▸ **TRY IT**
Leave out every picture and set down, exactly, the lines below from the one holding "Алексей Навальный во" up to and including the one holding "Jacob van Ruisdael: Waldlandschaft".

▸ **DATA SECTION**
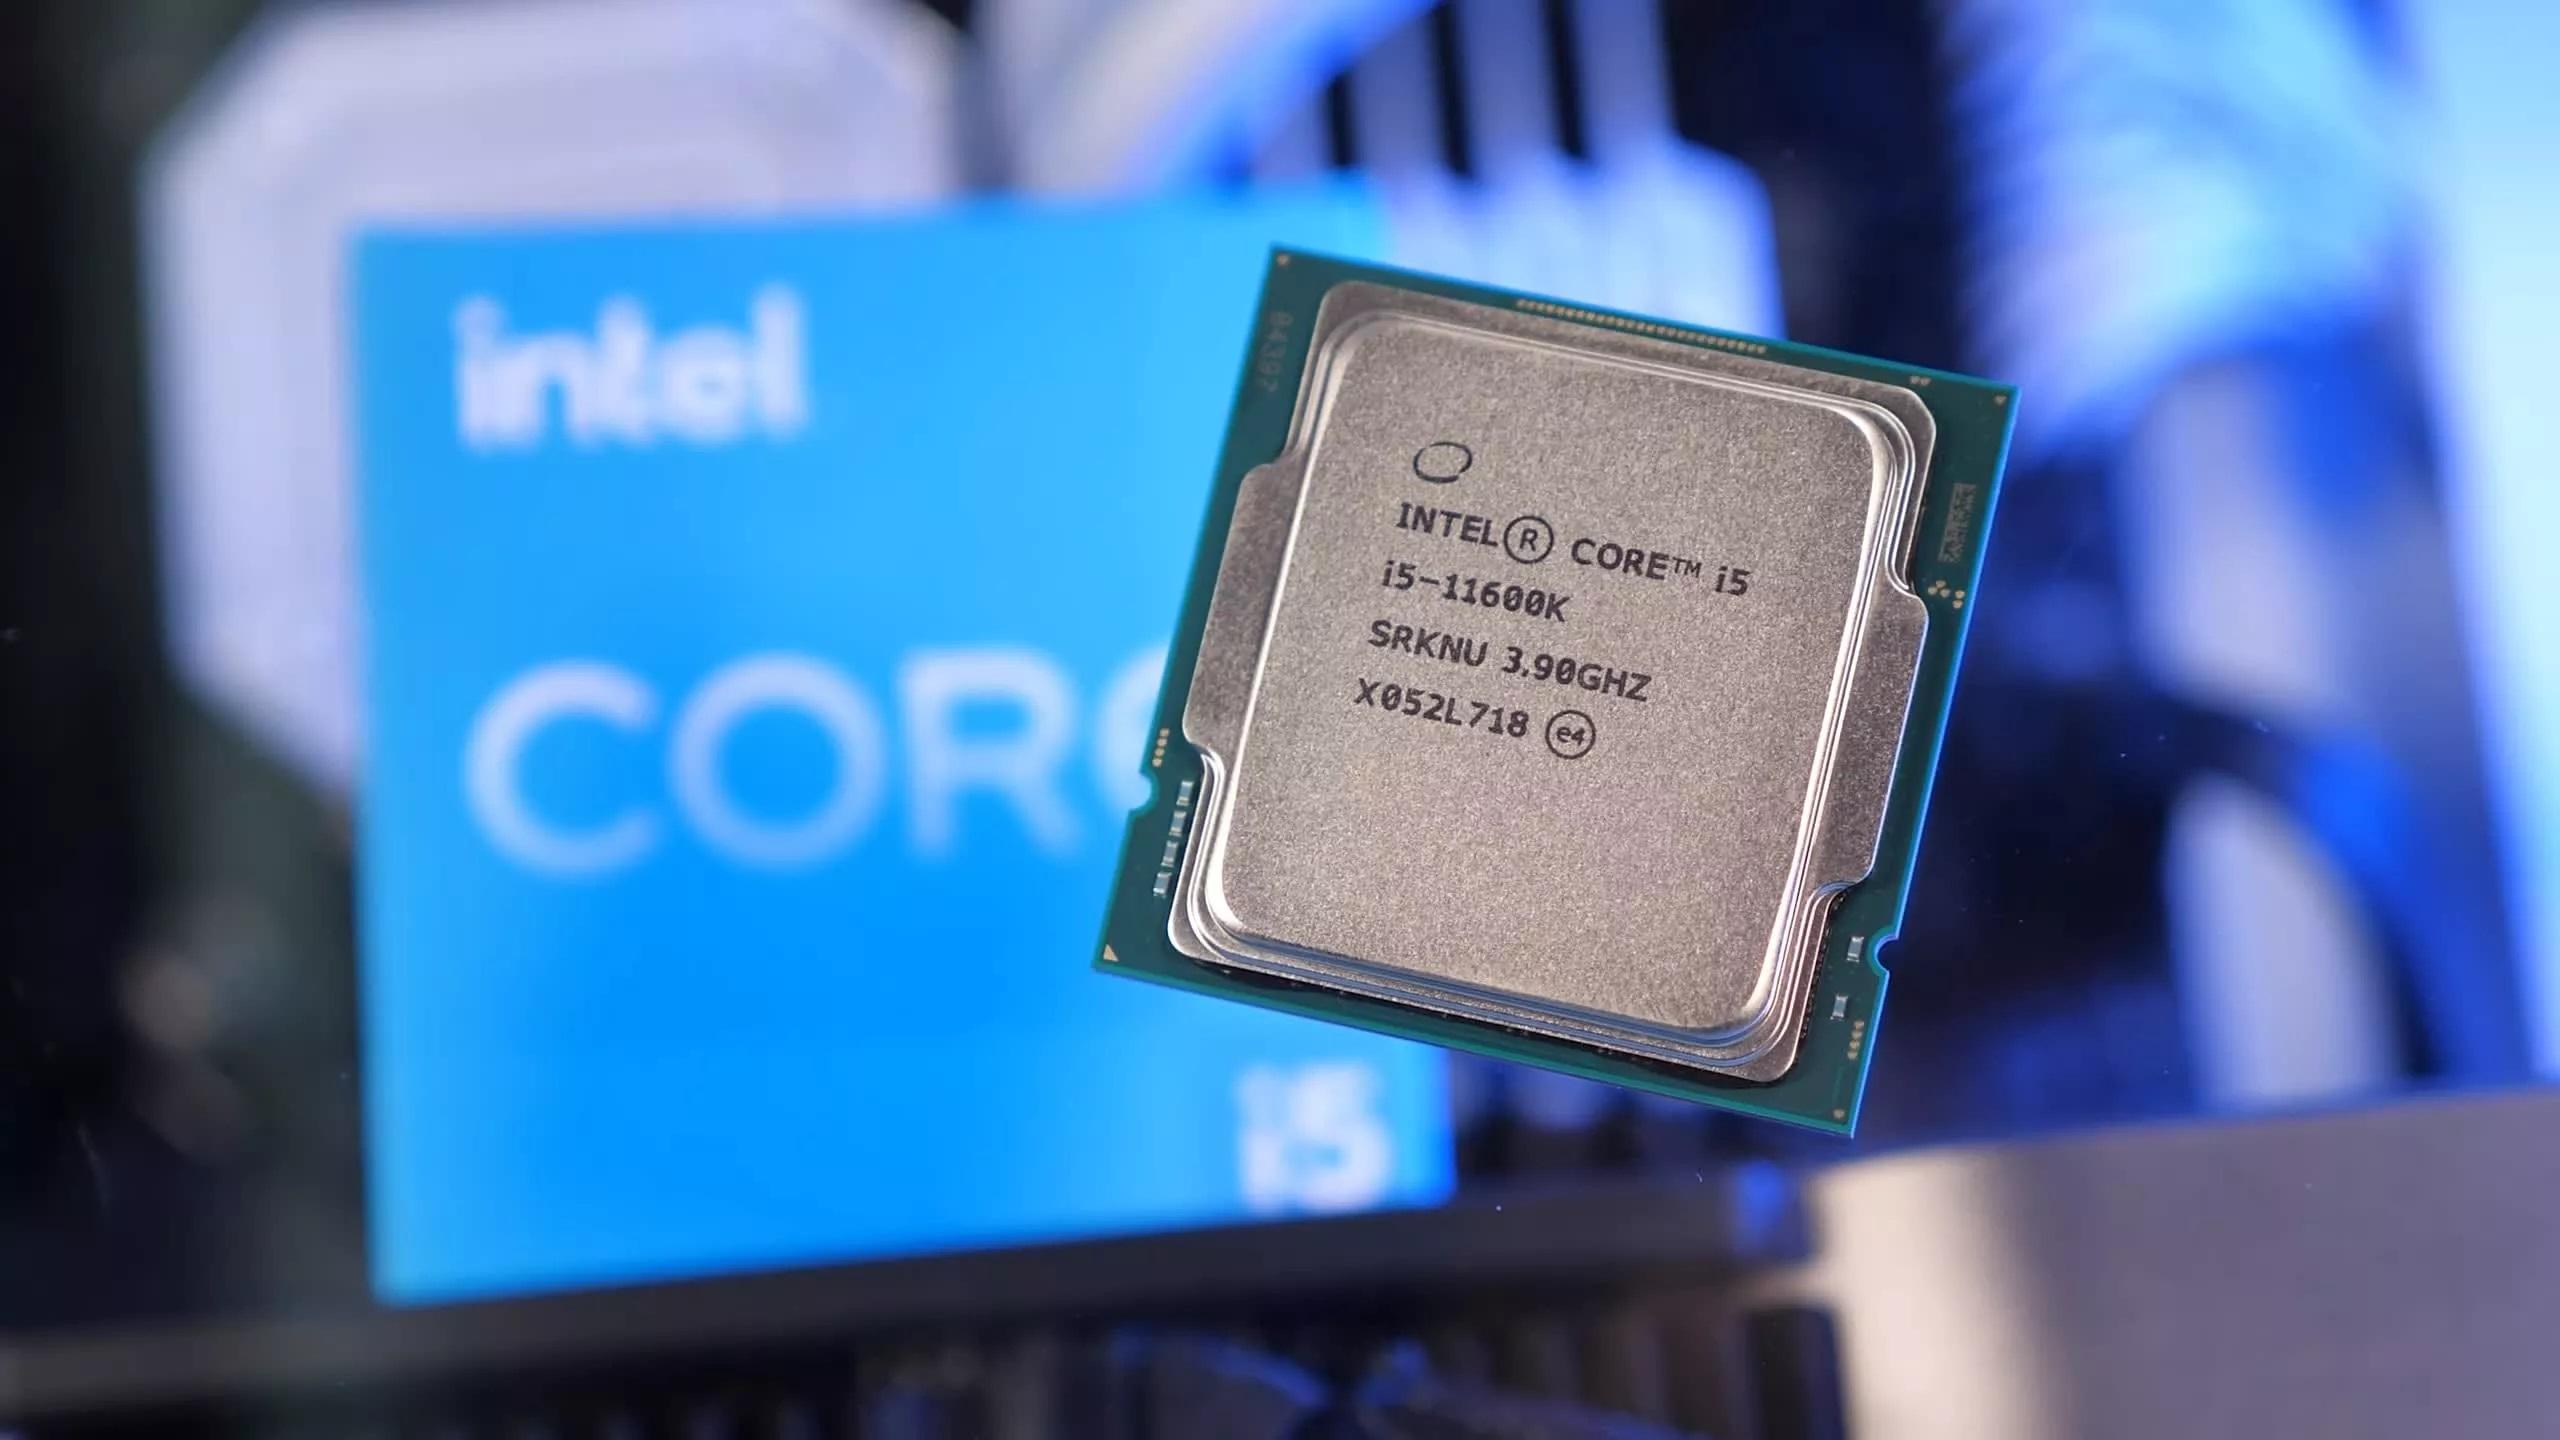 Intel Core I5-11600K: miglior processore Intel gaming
* * *
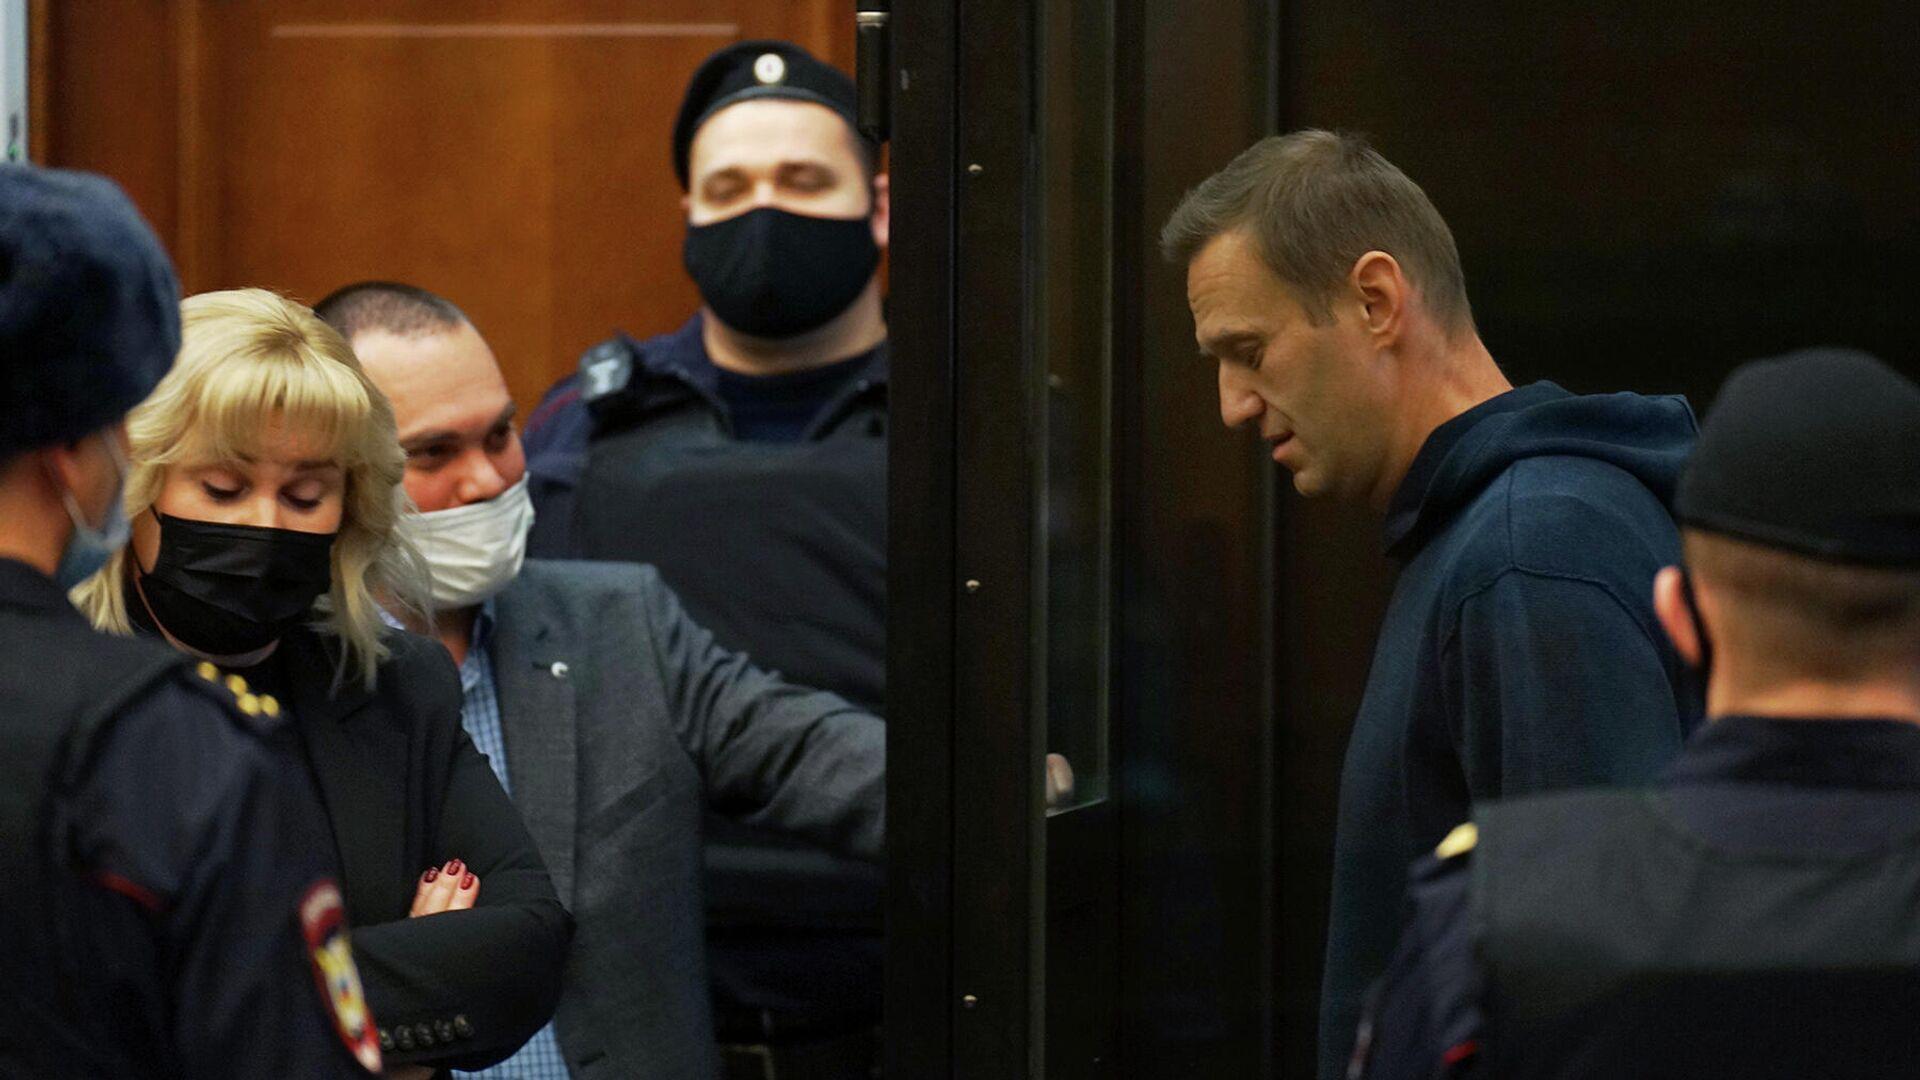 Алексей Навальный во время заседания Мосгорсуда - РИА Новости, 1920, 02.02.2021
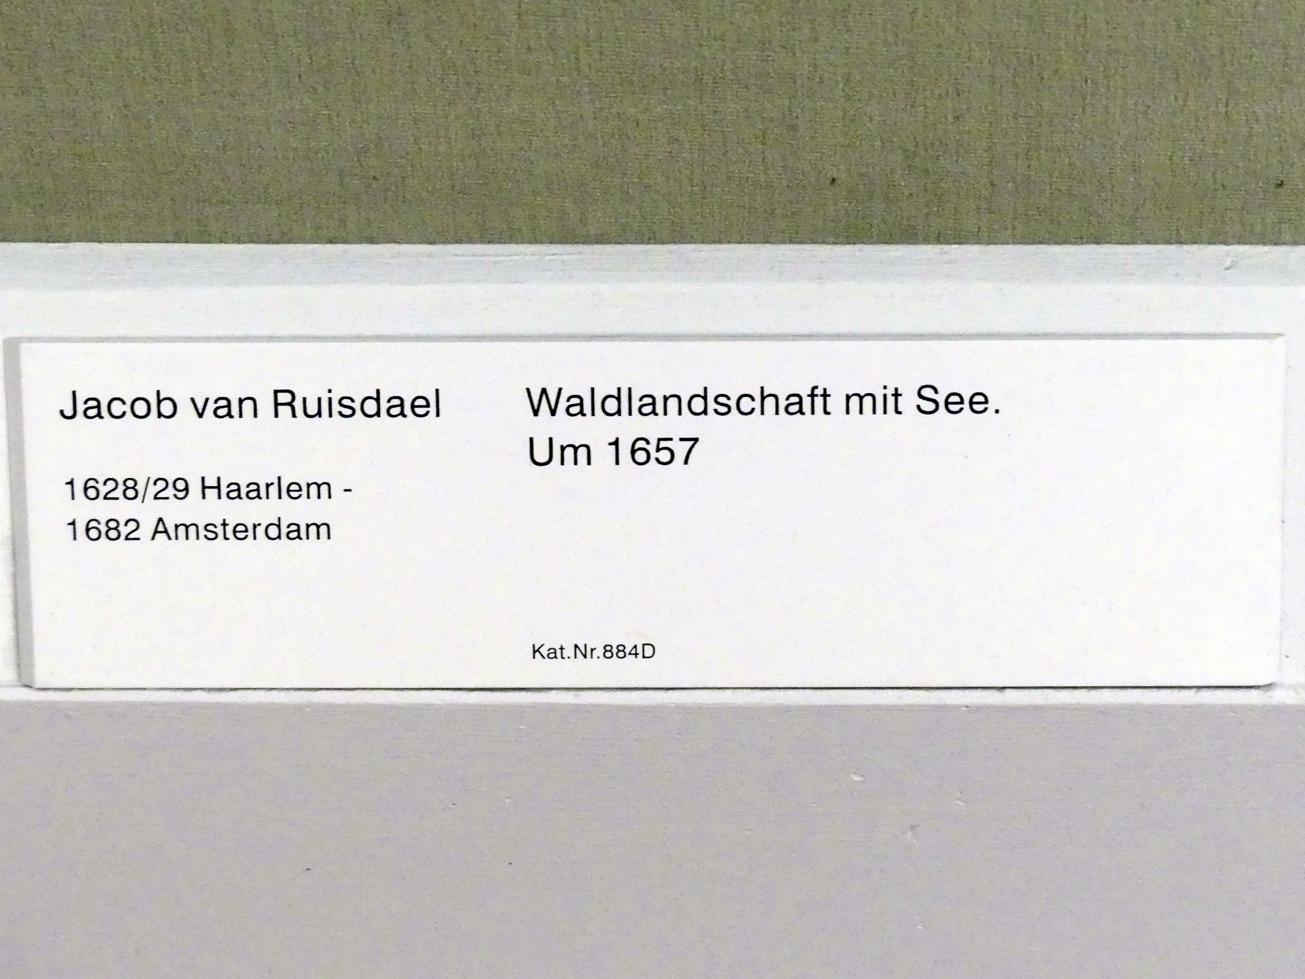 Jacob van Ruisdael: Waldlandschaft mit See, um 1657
==
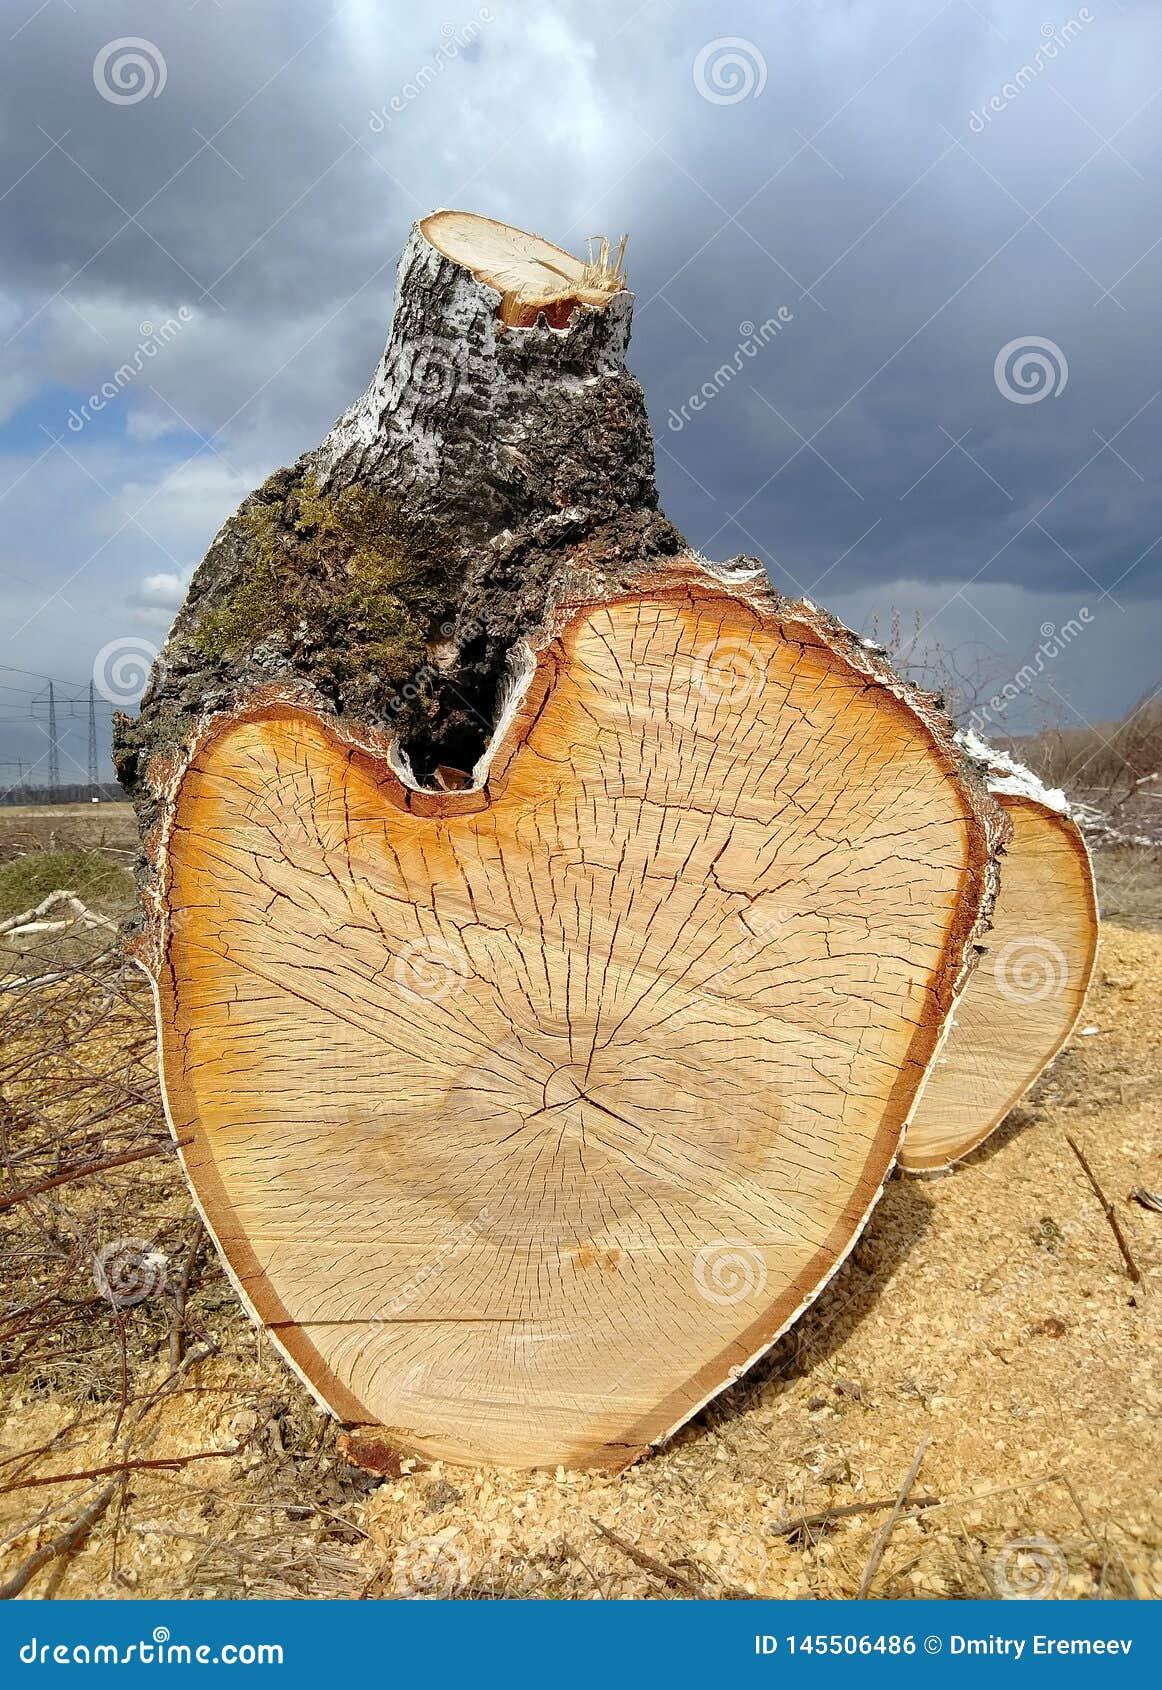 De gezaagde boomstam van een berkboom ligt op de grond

▸ **WRITTEN ANSWER**
 Алексей Навальный во время заседания Мосгорсуда - РИА Новости, 1920, 02.02.2021
 Jacob van Ruisdael: Waldlandschaft mit See, um 1657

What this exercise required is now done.